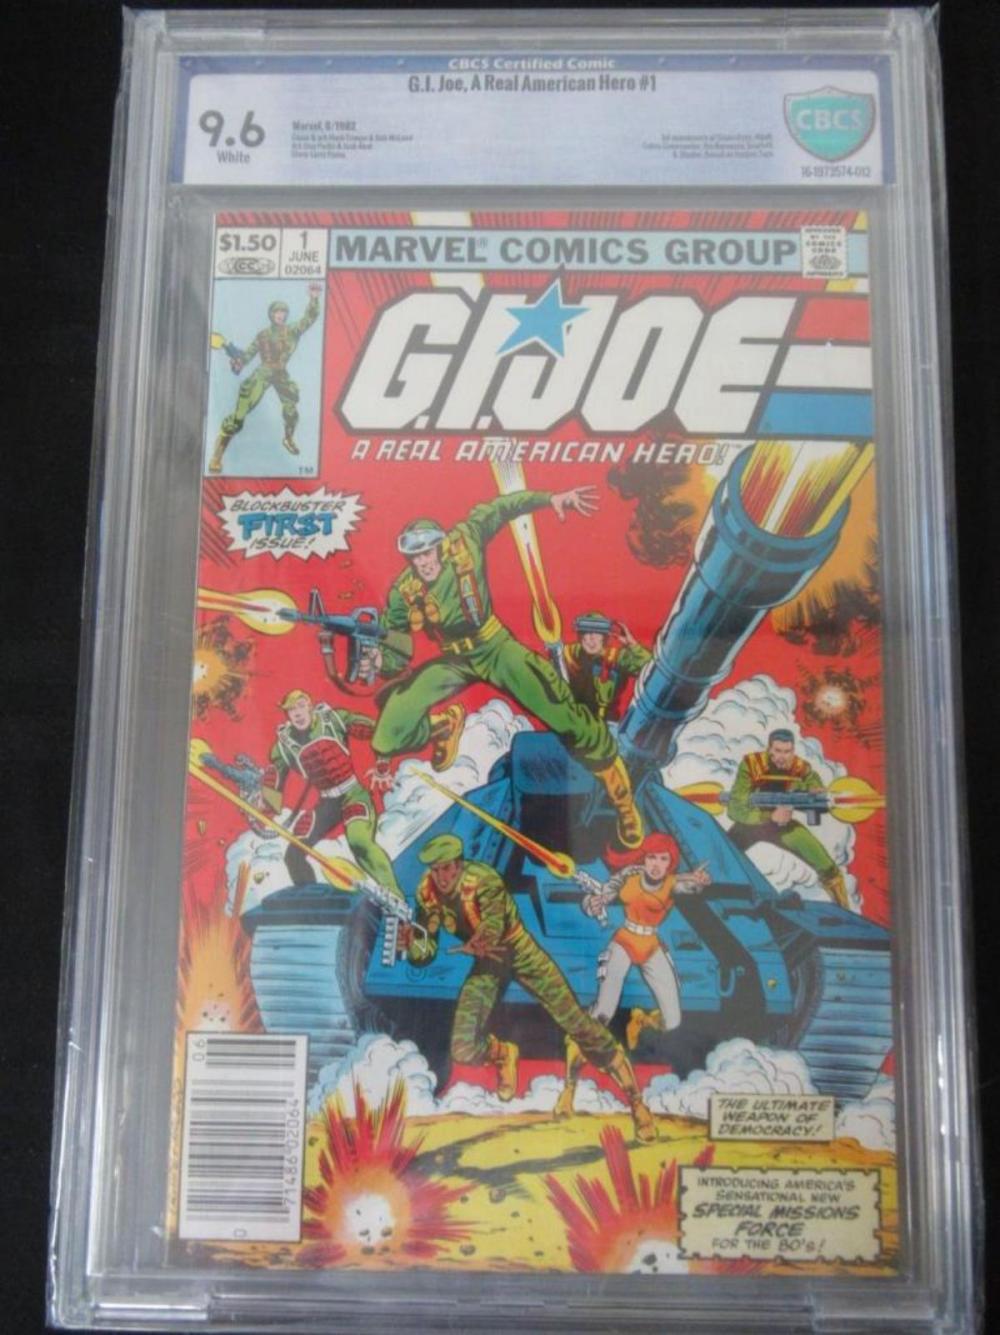 G.I. Joe, A Real American Hero #1 CBCS 9.6
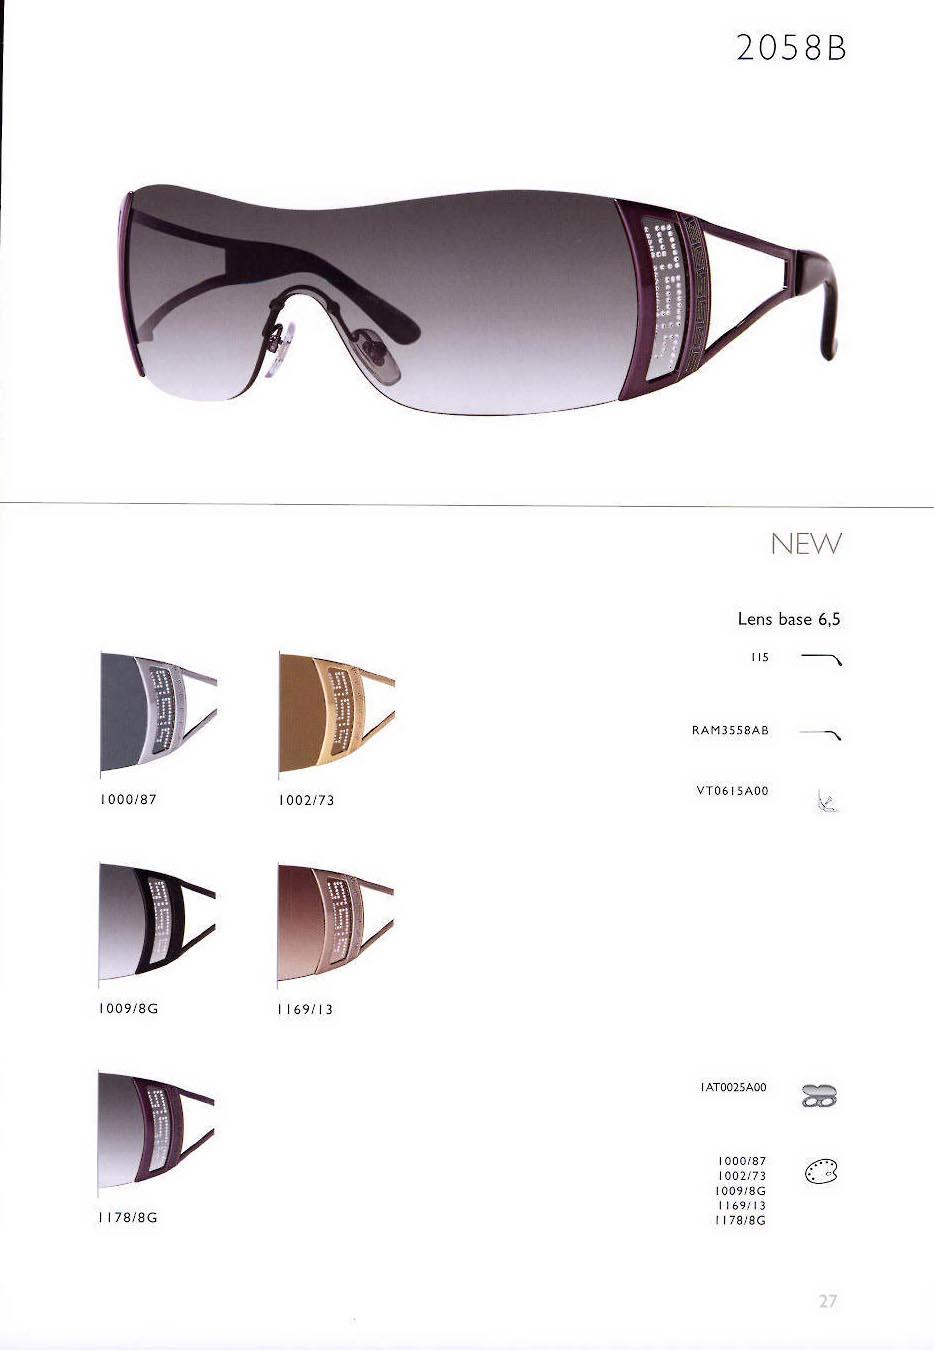 81222e68eaff Sunglasses Versace 2058B 11788G
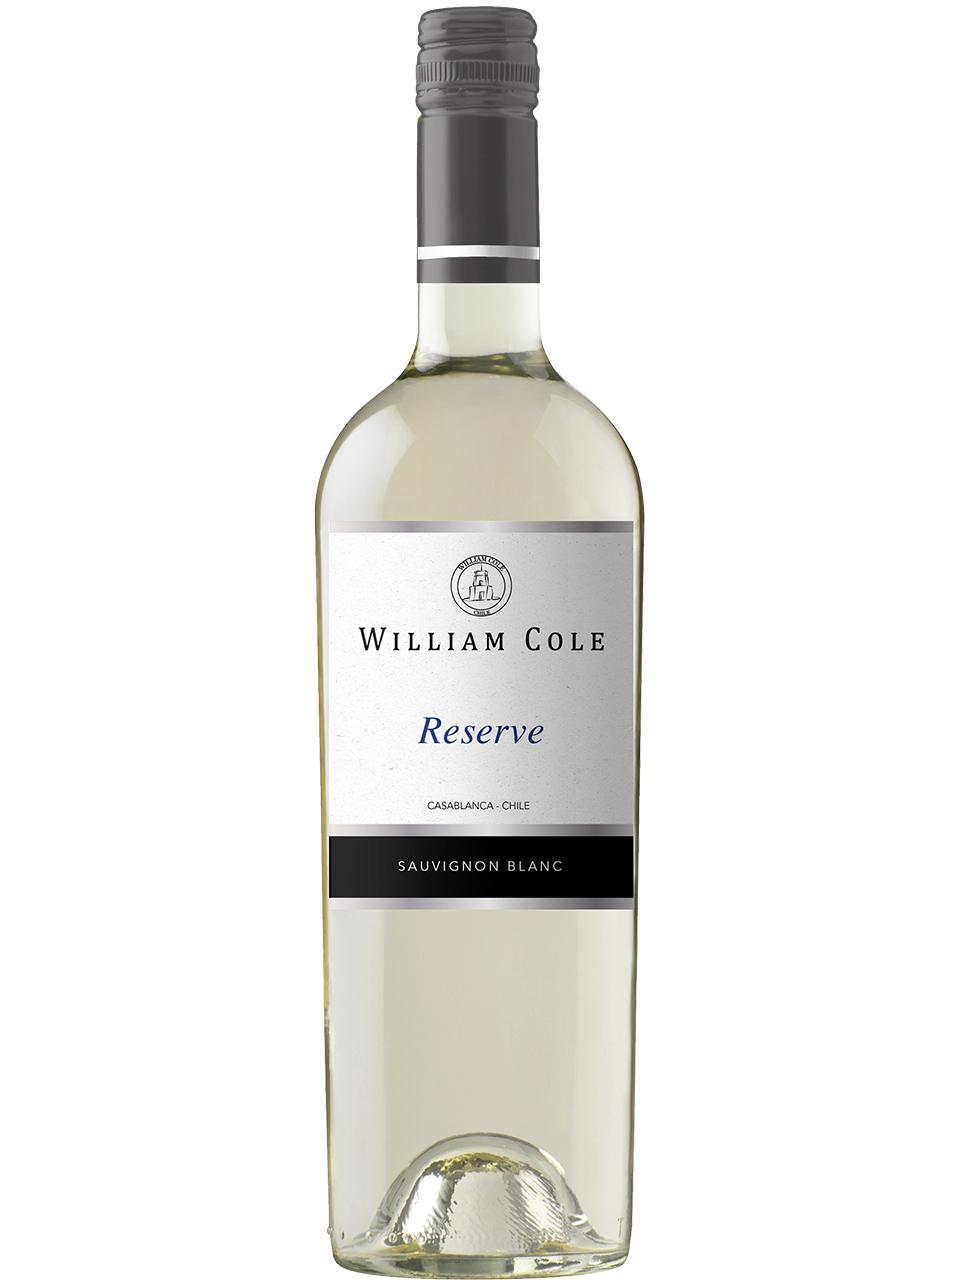 William Cole Reserve Sauvignon Blanc

Directions for this task
The answer is the listing above restated word for word, pictures removed.

Written response
 G.I. Joe, A Real American Hero #1 CBCS 9.6
 81222e68eaff Sunglasses Versace 2058B 11788G
 William Cole Reserve Sauvignon Blanc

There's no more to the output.